--- TASK DETAILS ---
Return the data that follows exactly as it appears. Pictures do not belong in the copy.

==== DATASET SECTION

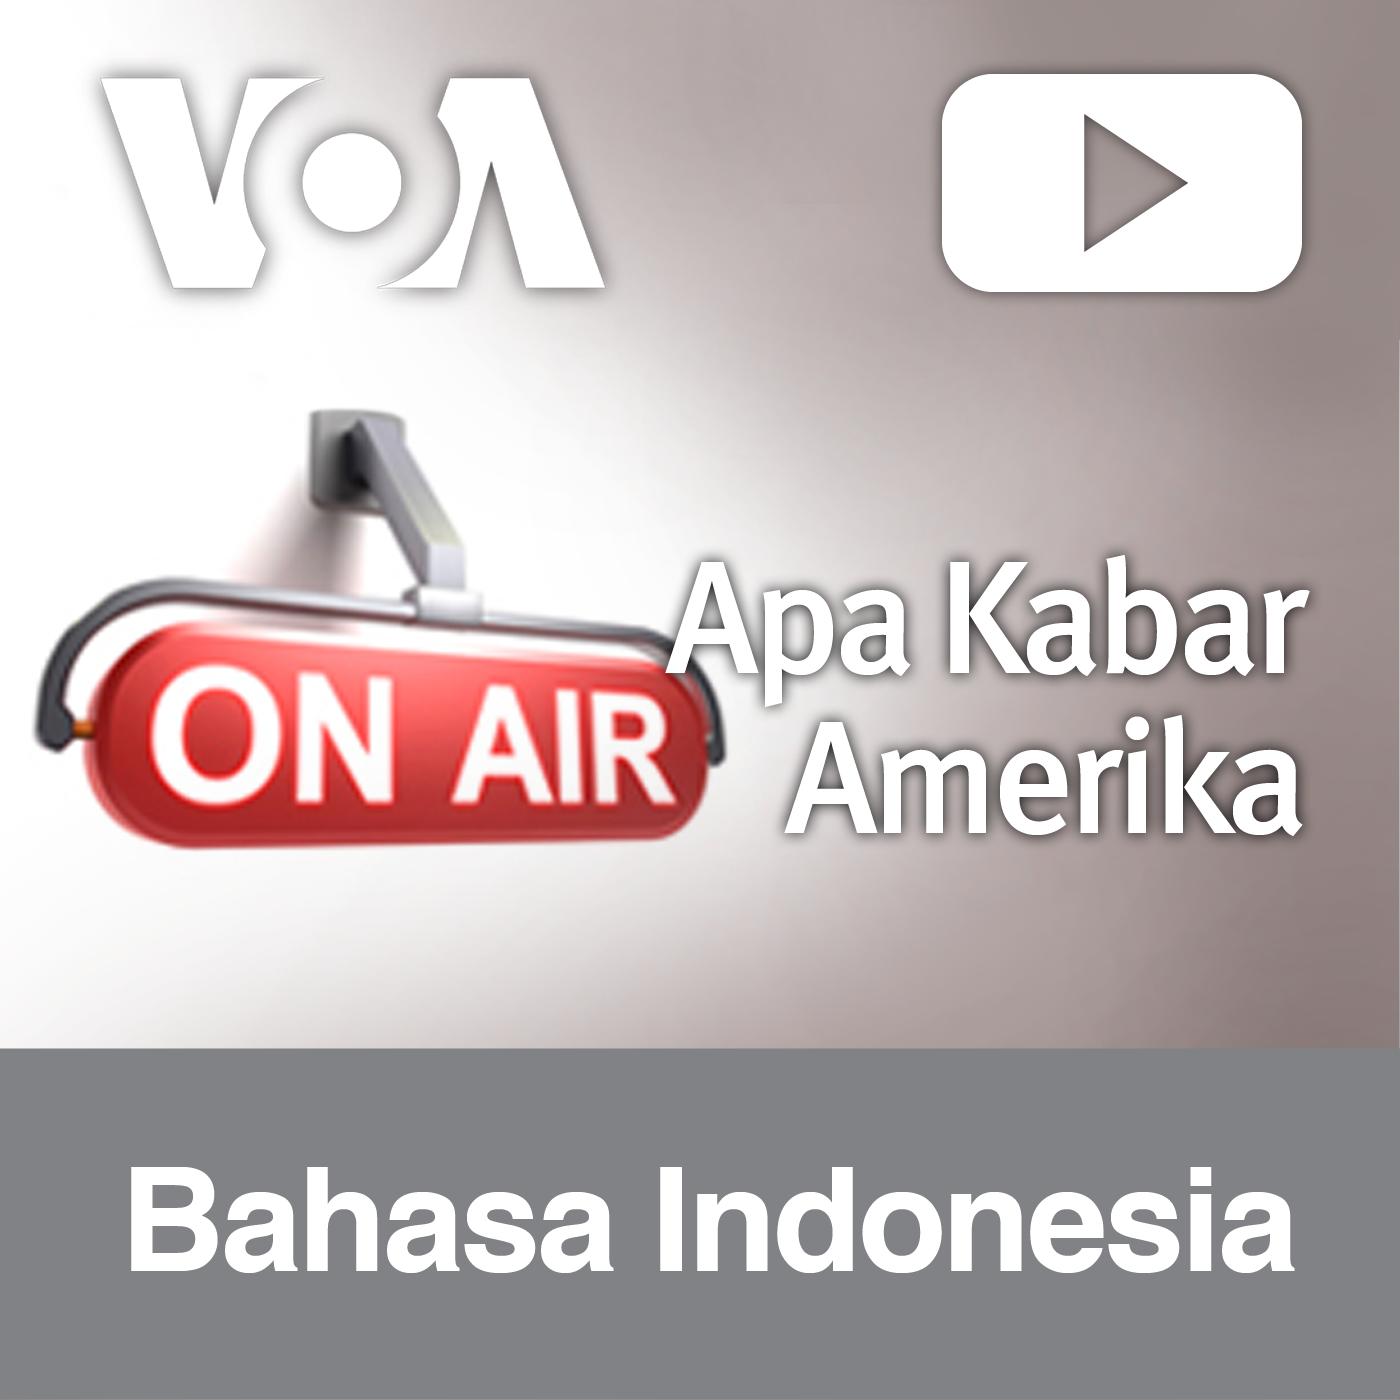 Apa Kabar Amerika - Voice of America | Bahasa Indonesia
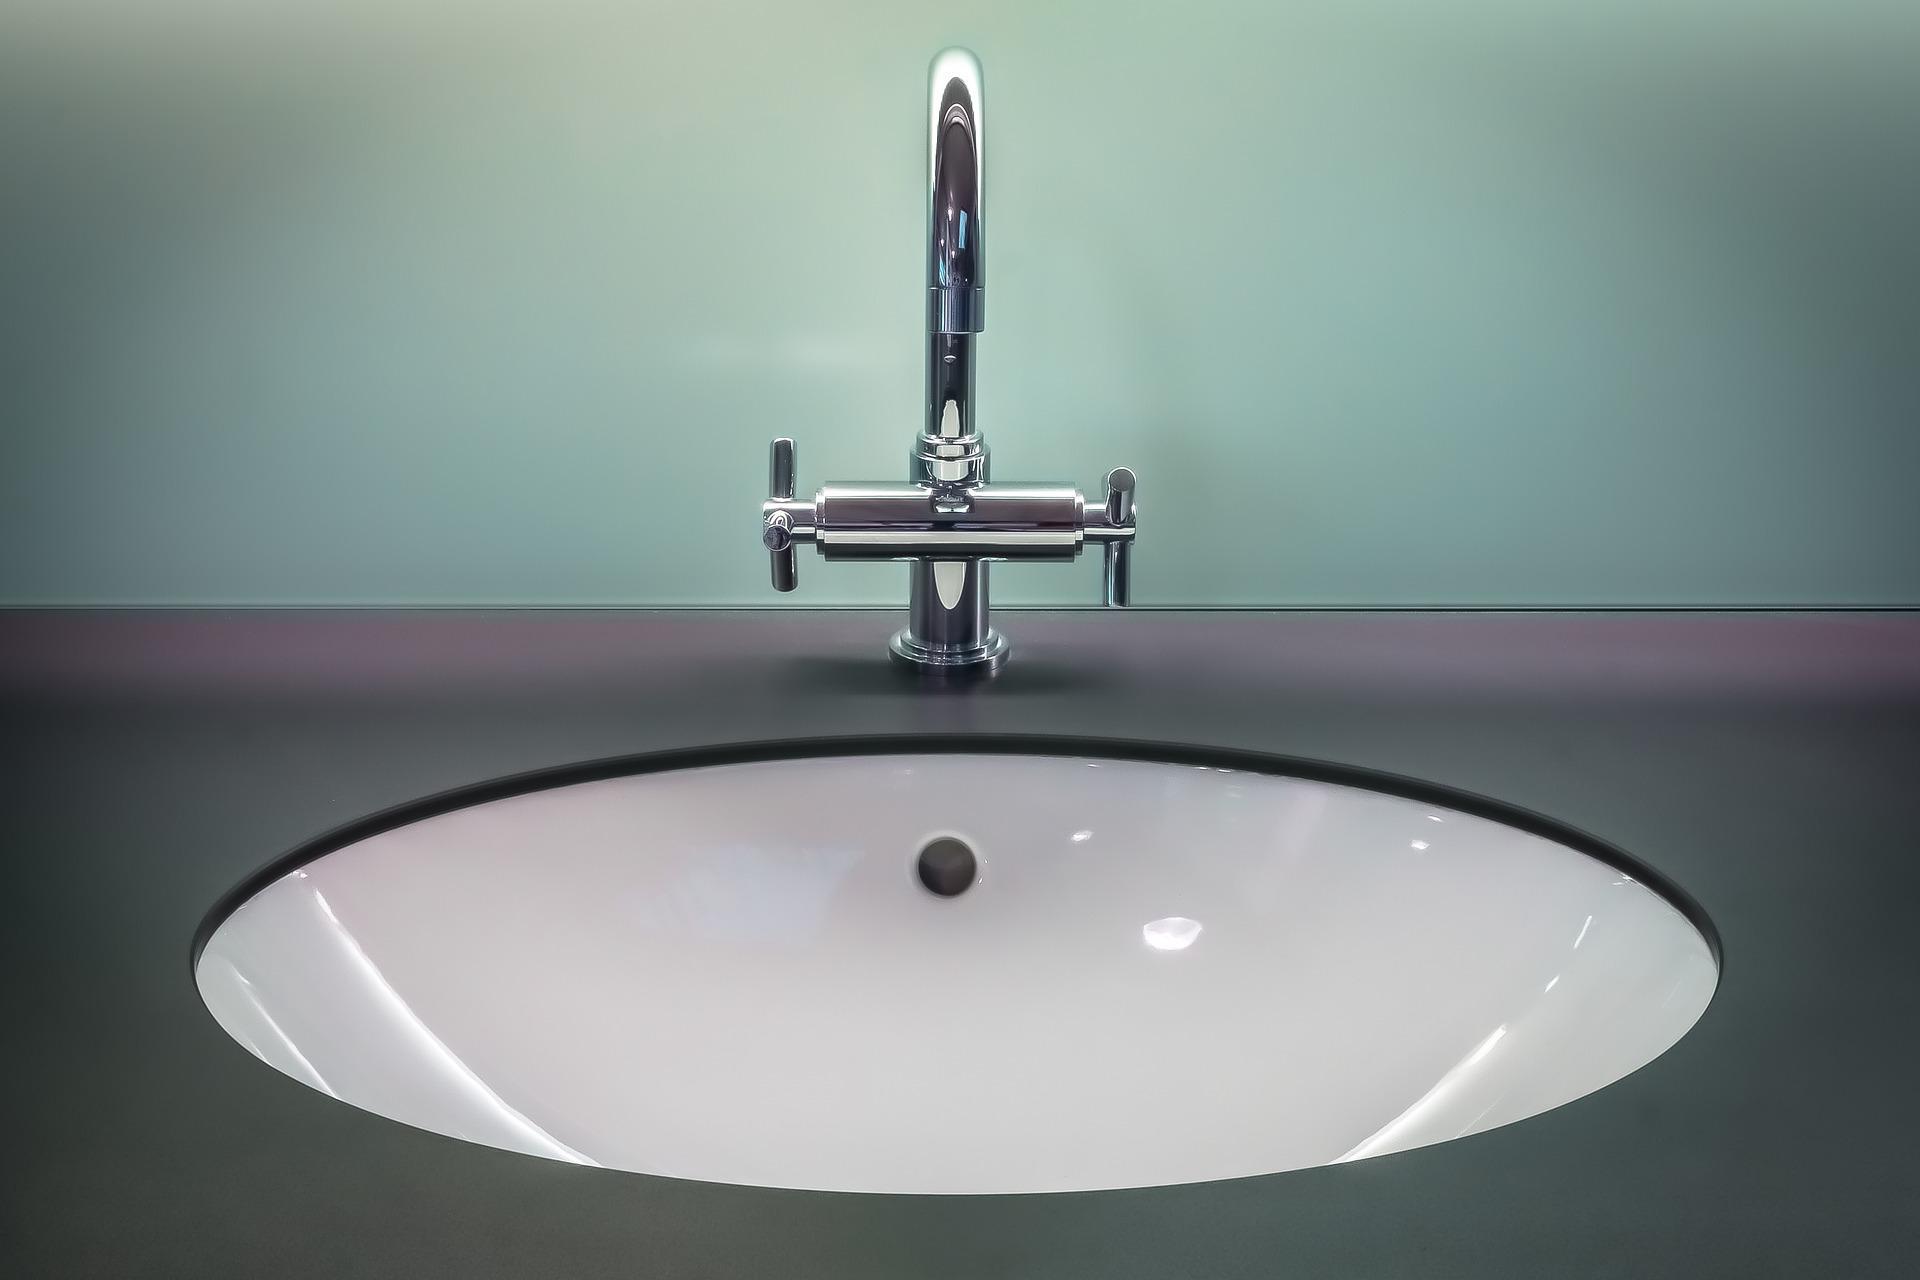 Zo maak jij de badkamer spic en span
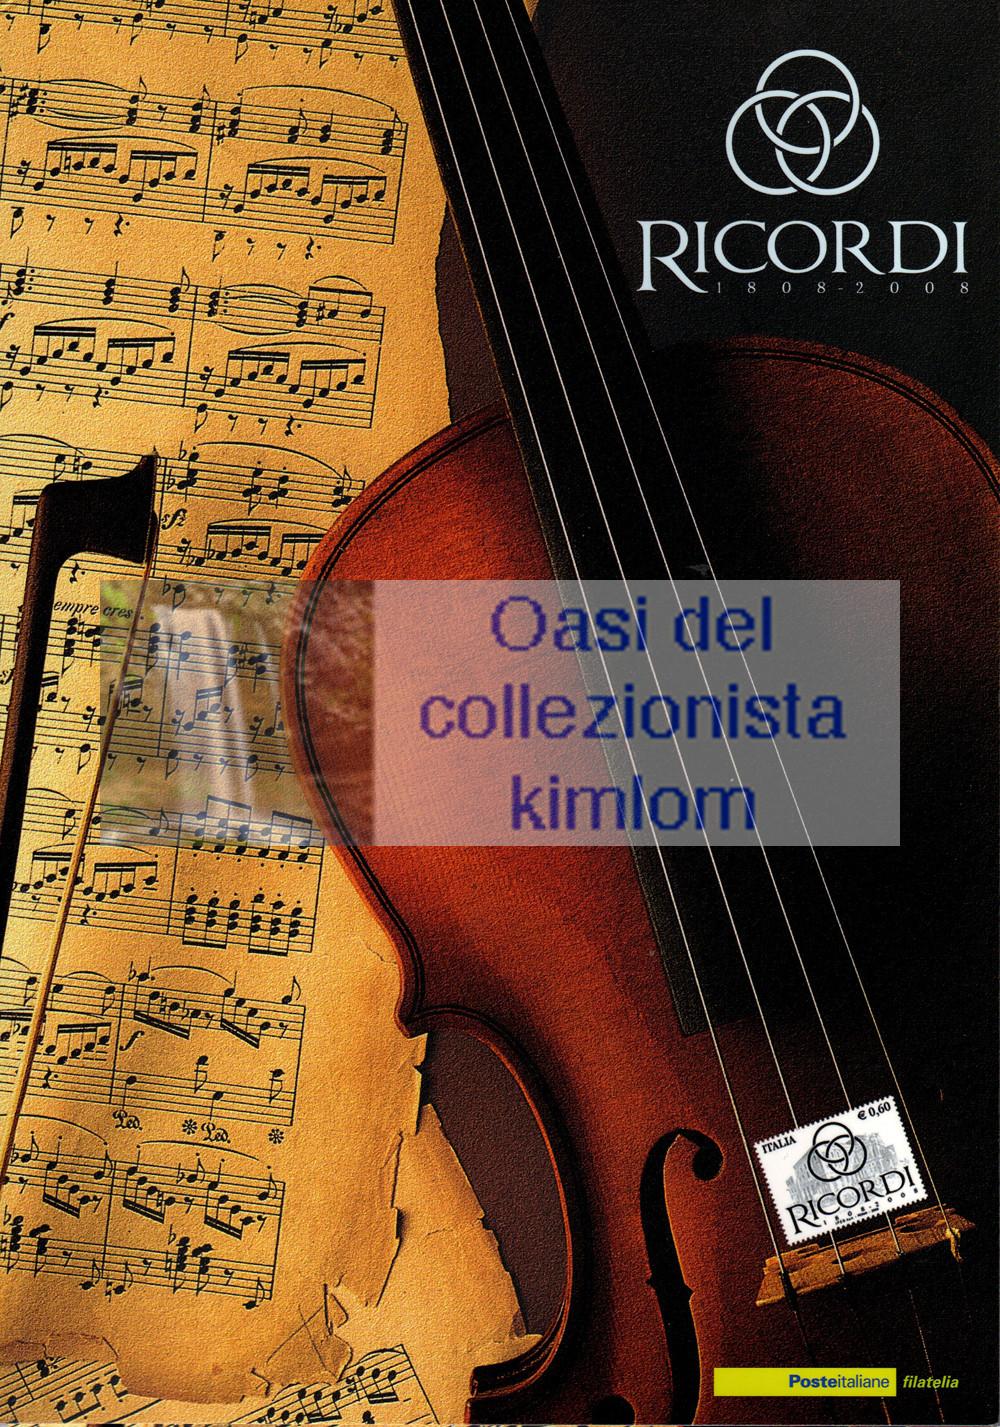 folder - Ricordi 1808-2008
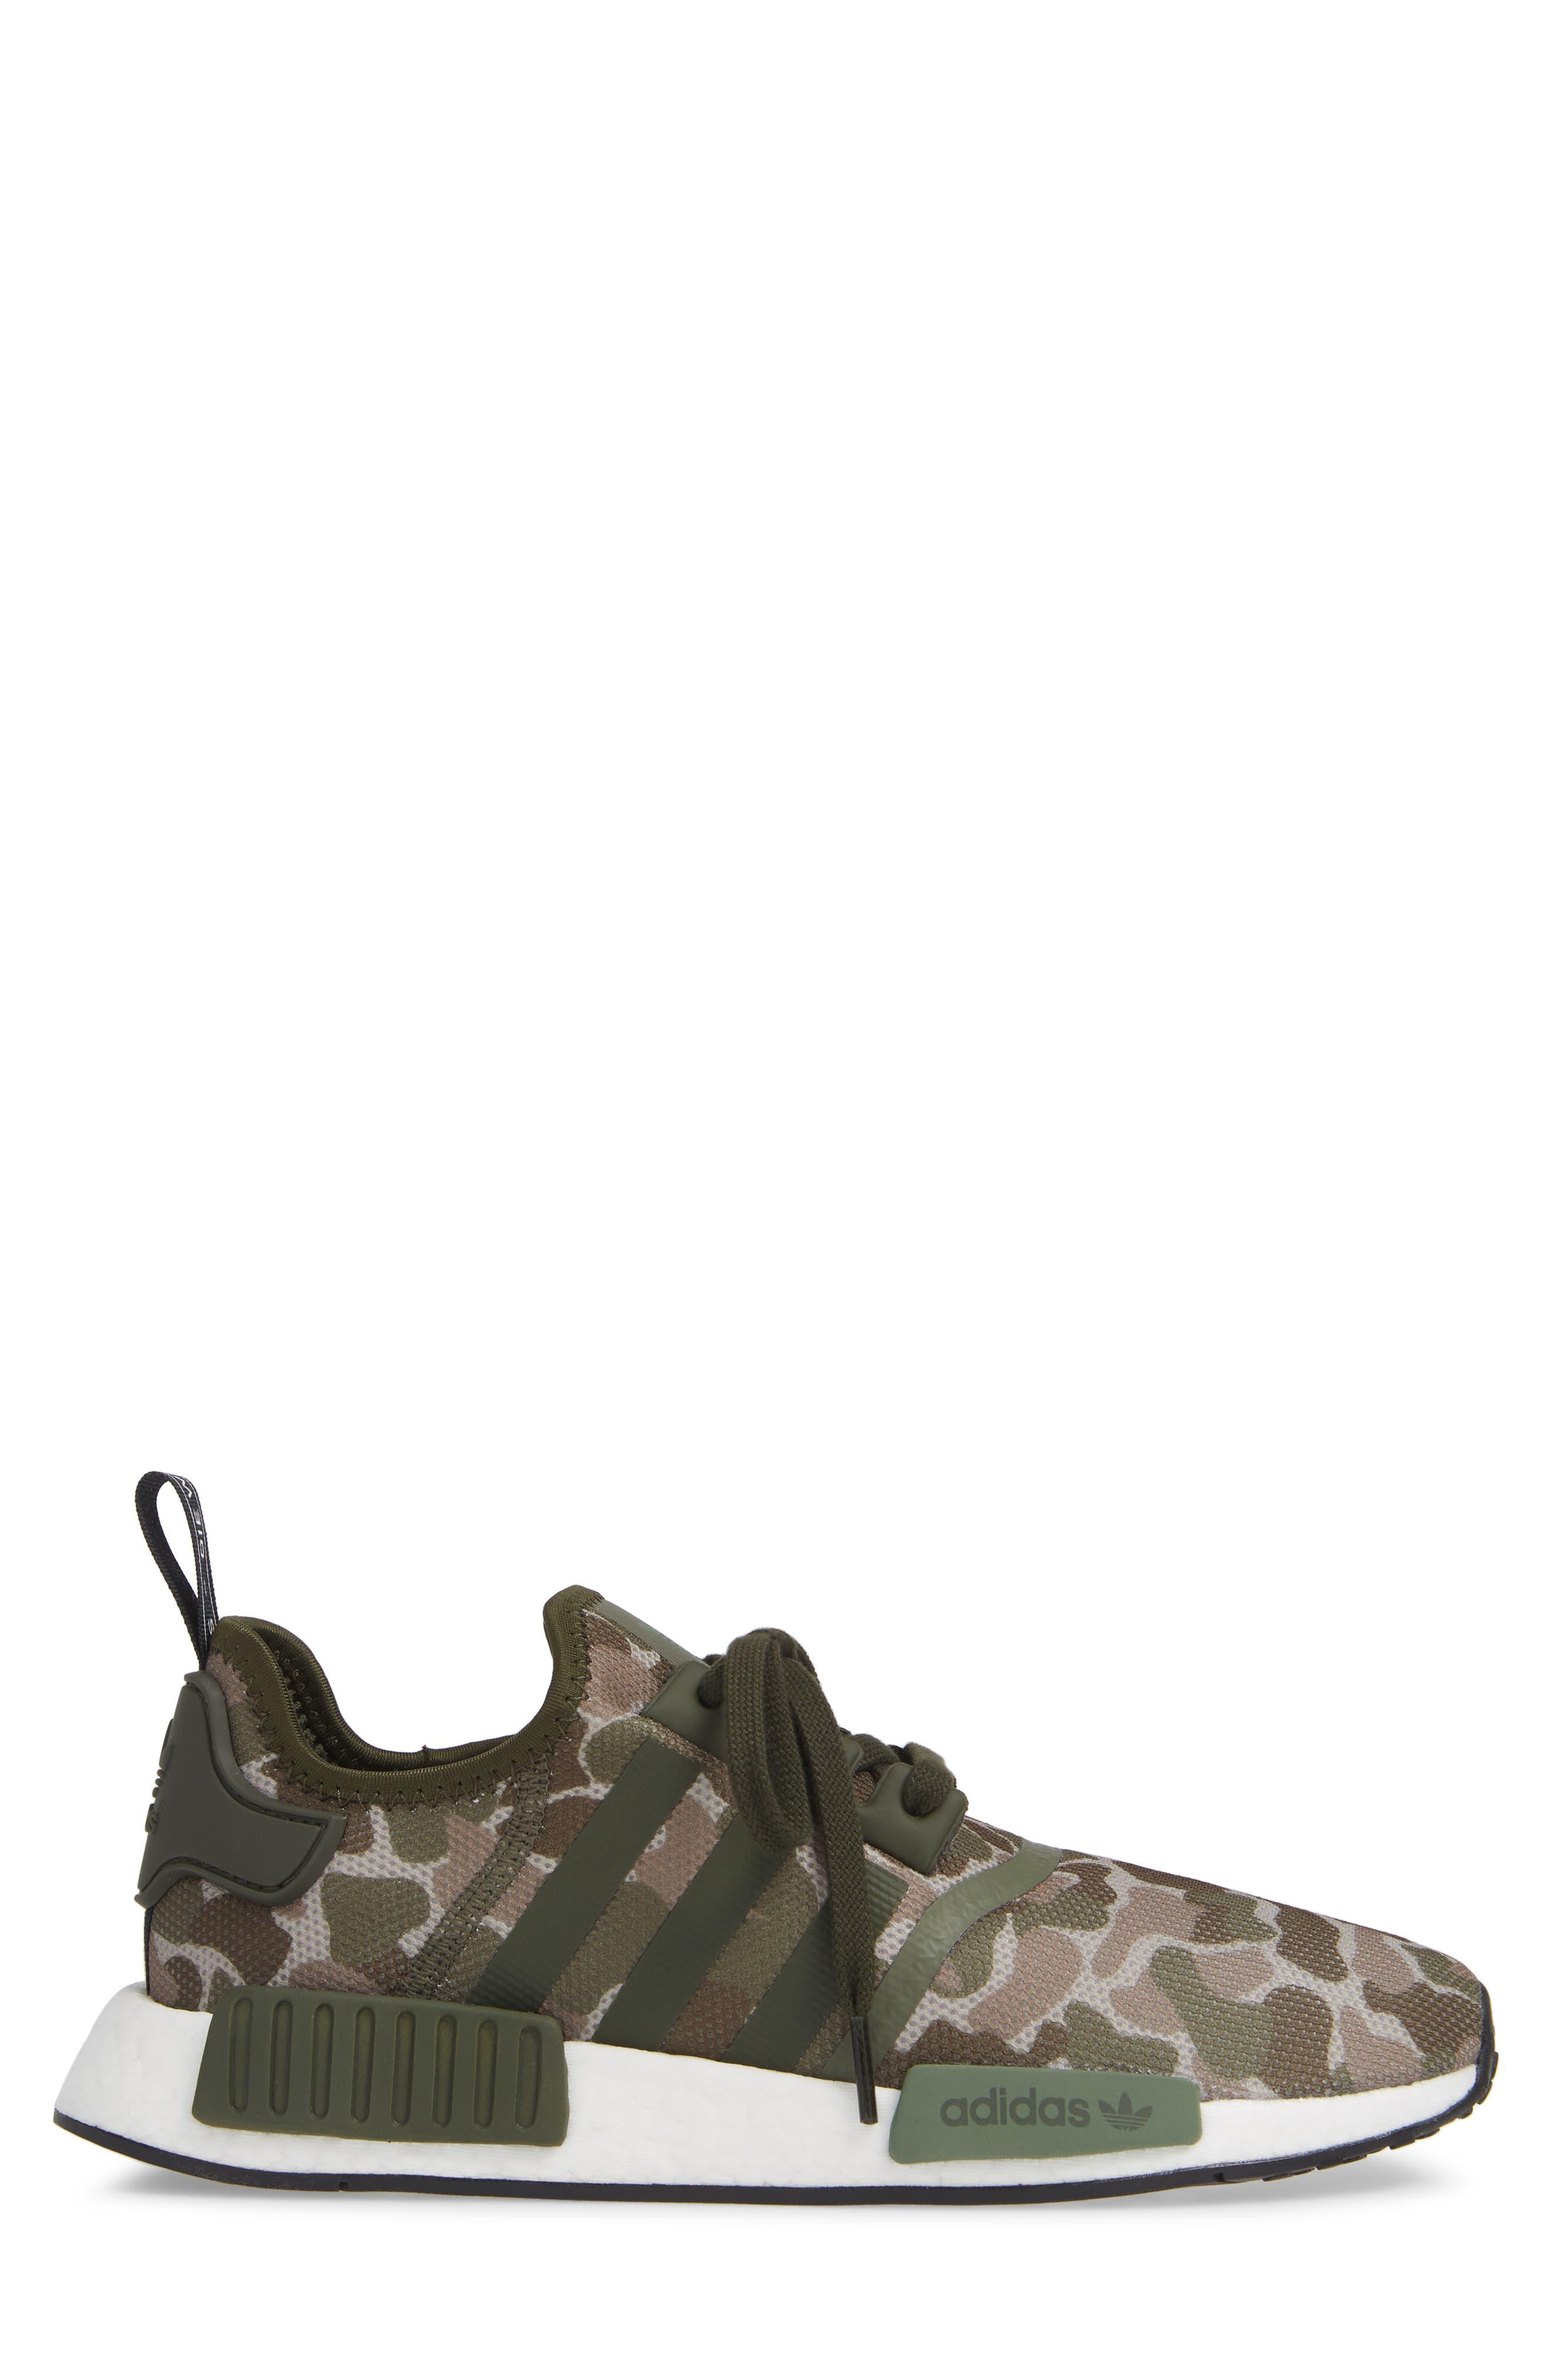 NMD R1 Camo Sneaker,                             Alternate thumbnail 3, color,                             305

========

--- RESPONSE TO THIS EXERCISE ---
 Apa Kabar Amerika - Voice of America | Bahasa Indonesia
 Zo maak jij de badkamer spic en span
 folder - Ricordi 1808-2008
 NMD R1 Camo Sneaker,                             Alternate thumbnail 3, color,                             305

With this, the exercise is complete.